Contractors on a city project in Bonney Lake were demolishing part of the bridge during a widening project to make it safer for pedestrians and bicyclists.
Ellis told lawmakers that preventing parents from pursuing damages because they’re not financially dependent on their adult children is “seriously ridiculous.”
“This is a child I carried in my womb. That should be enough of a right.”
Cost and liability
Opponents of HB 1135, and its companion SB 5163, say it will trigger a sharp increase in lawsuits, especially since it will apply to pending lawsuits and those that could be filed before the three-year statute of limitations expires.

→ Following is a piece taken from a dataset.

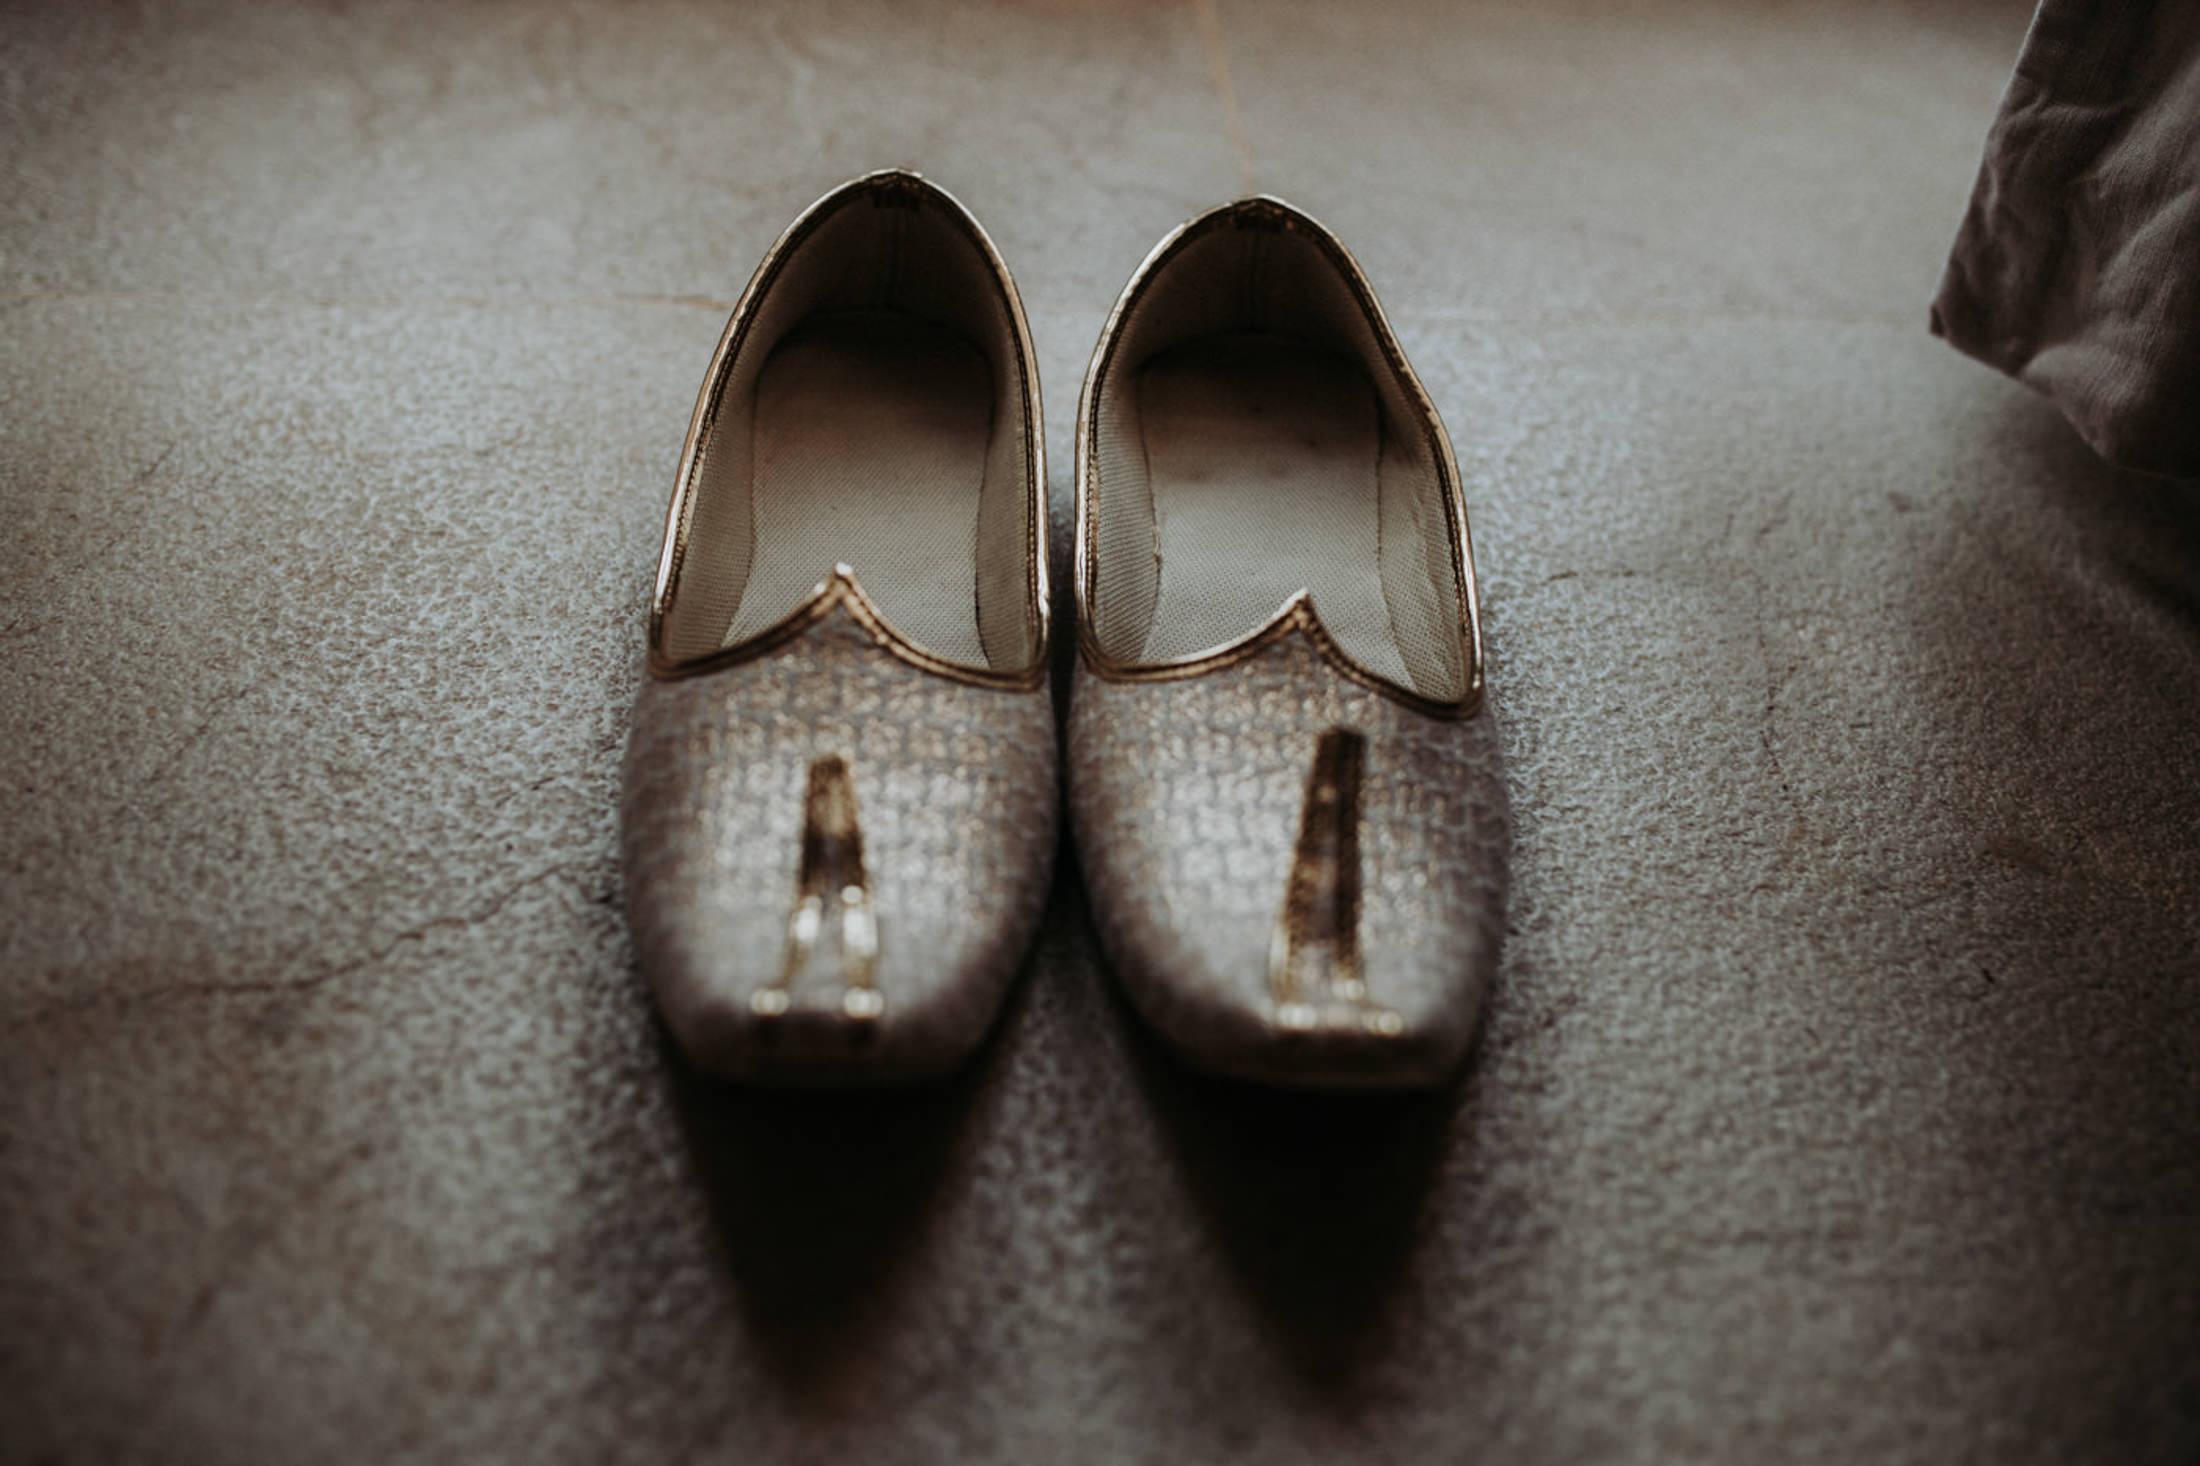 Wedding_Photographer_Mallorca_Daniela-Marquardt_Photography_New_York_Iceland_Tuscany_Santorini_Portugal_Austria_Bavaria_Elopement_Hochzeitsfotograf_AntjeRajat2_17
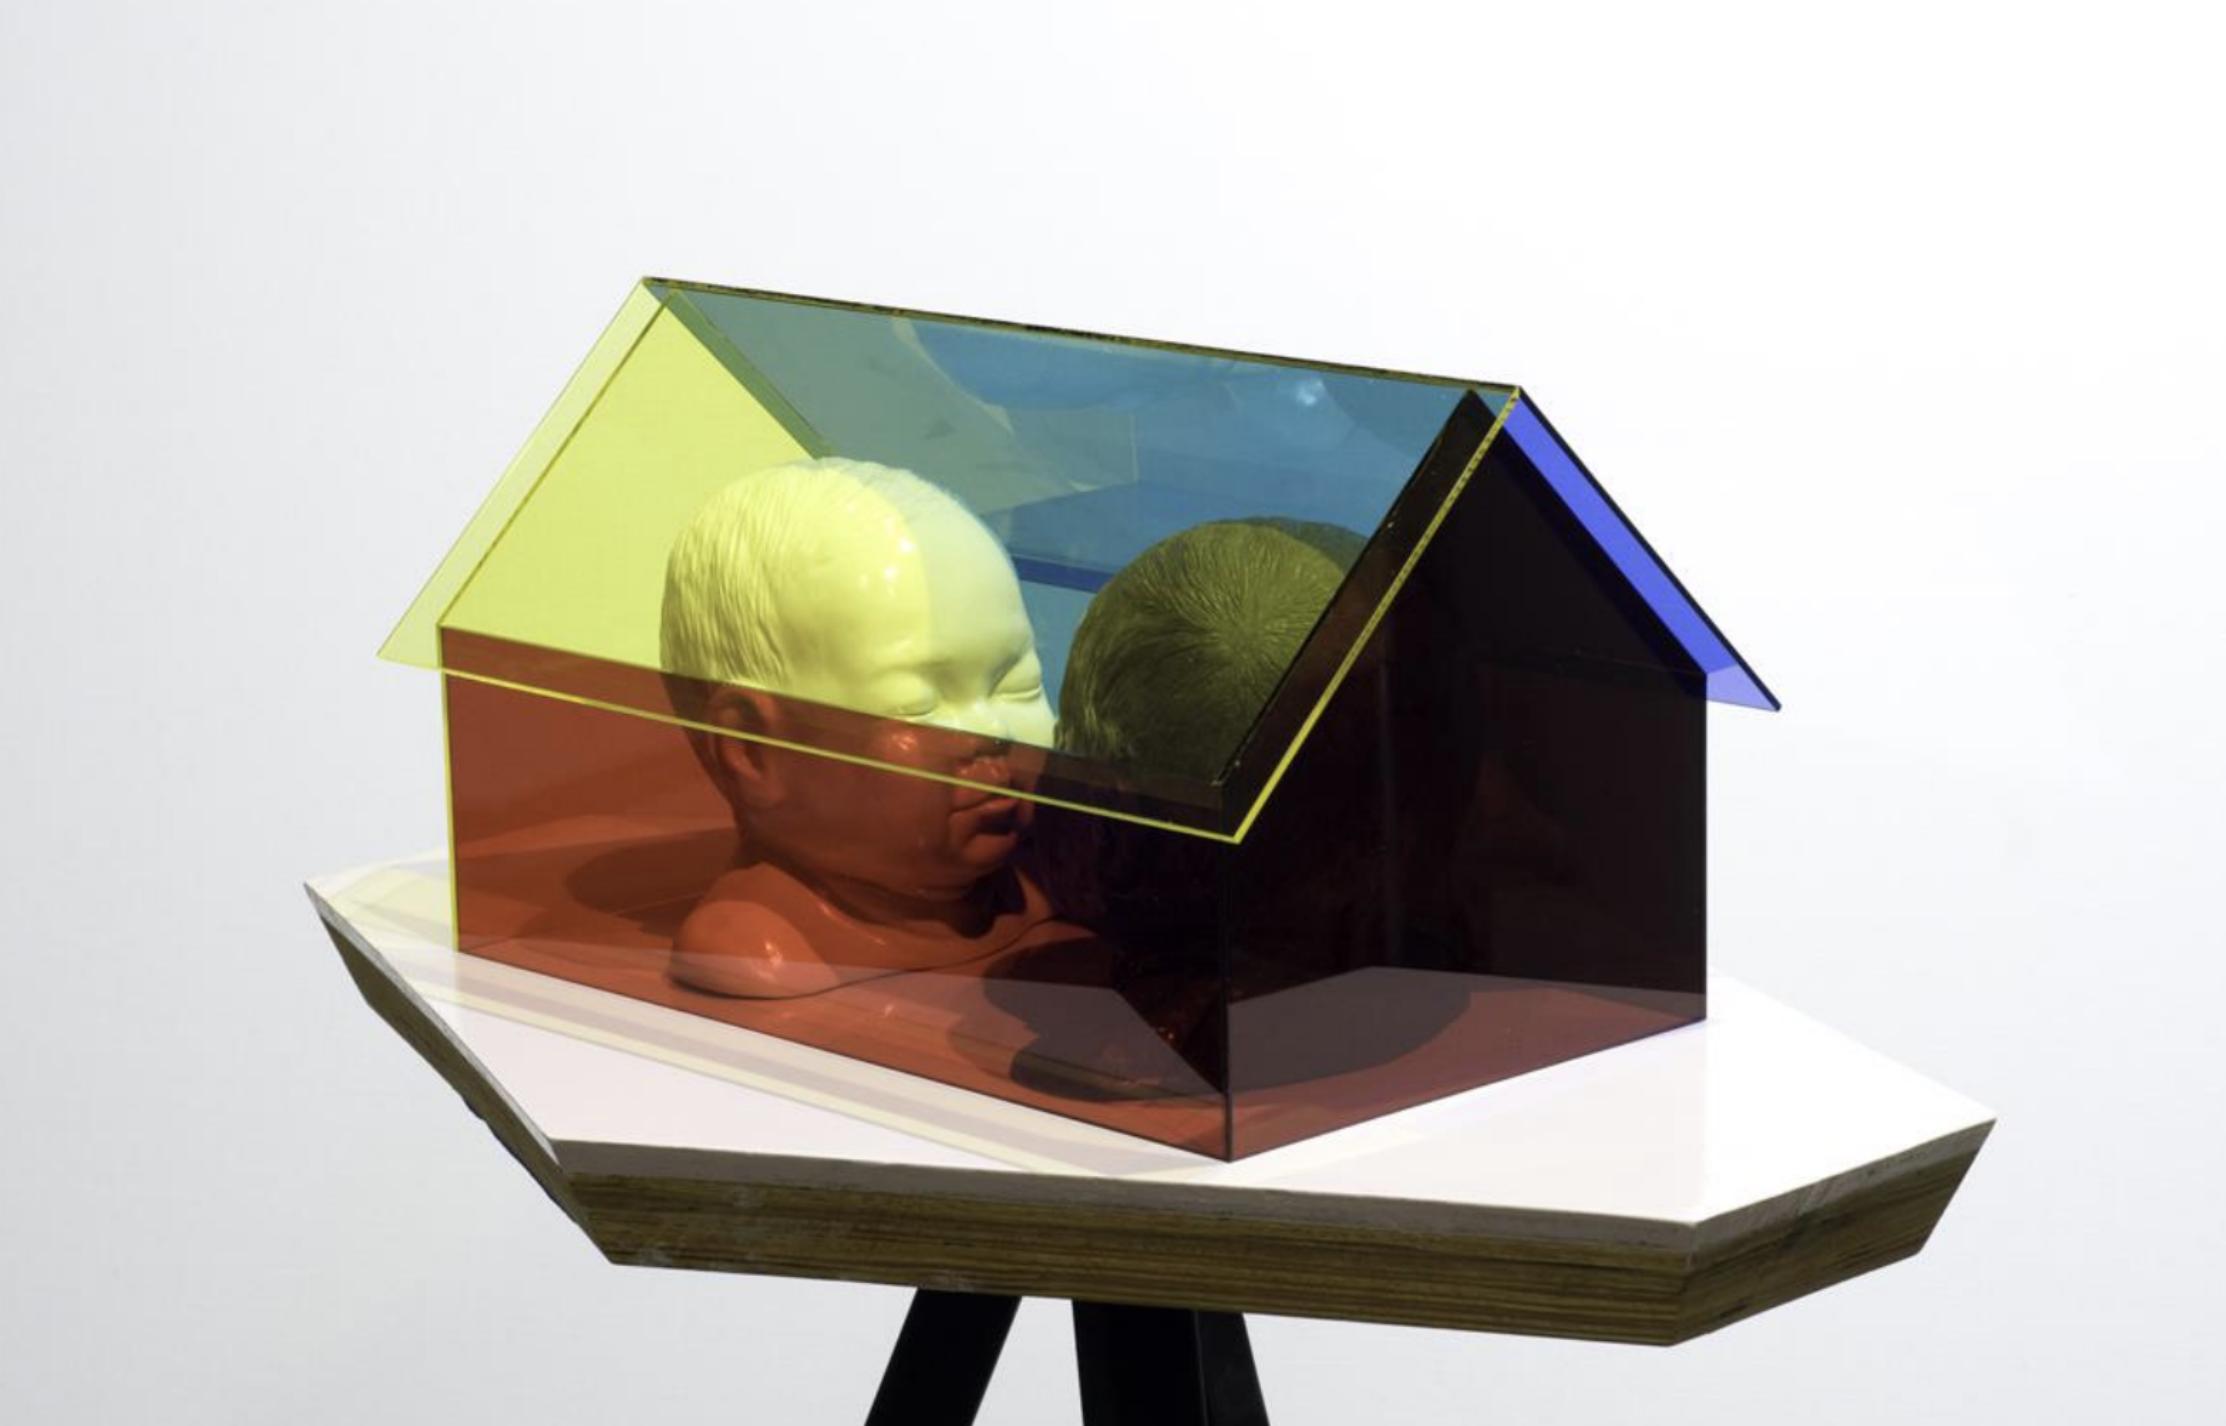 David Chan , Housed , 2017, Porcelain and Acrylic Box 36 x 21 x 21 cm. Courtesy of the artist & Art Seasons.

“It expands who qualifies to sue beyond the immediate and extended family members to anyone” in the deceased person’s estate, said Jaclyn Greenberg, a lobbyist who is policy director for legal affairs at the Washington State Hospital Association.
Washington’s joint-and-several liability rules mean hospitals could have to pay the entire amount in a wrongful-death lawsuit, even if it was only 1 percent at fault, she said.
Under joint and several liability, all defendants in a lawsuit are responsible for the full amount of plaintiff’s damages, regardless of their individual share of responsibility for the incident.
Joint and several liability is unfair to city governments that could be sued, said Sharon Swanson, a lobbyist with the Association of Washington Cities.
“We believe we should pay if we’ve created or contributed to a situation where there is loss of life,” Swanson told the House Civil Rights and Judiciary Committee.
Opponents include the Washington State Medical Association, the Washington State Association of Counties, the Olympic Medical Center in Port Angeles and the Washington Defense Trial Lawyers Association.
Supporters say negligent health care providers and government agencies, should not have special protections in state law.
“I think it’s time that our law made that switch and came down on the side of the rights and recognition of the loss these families have suffered,“ said Larry Shannon, a lobbyist with the Washington State Association for Justice, a civil justice advocacy organization.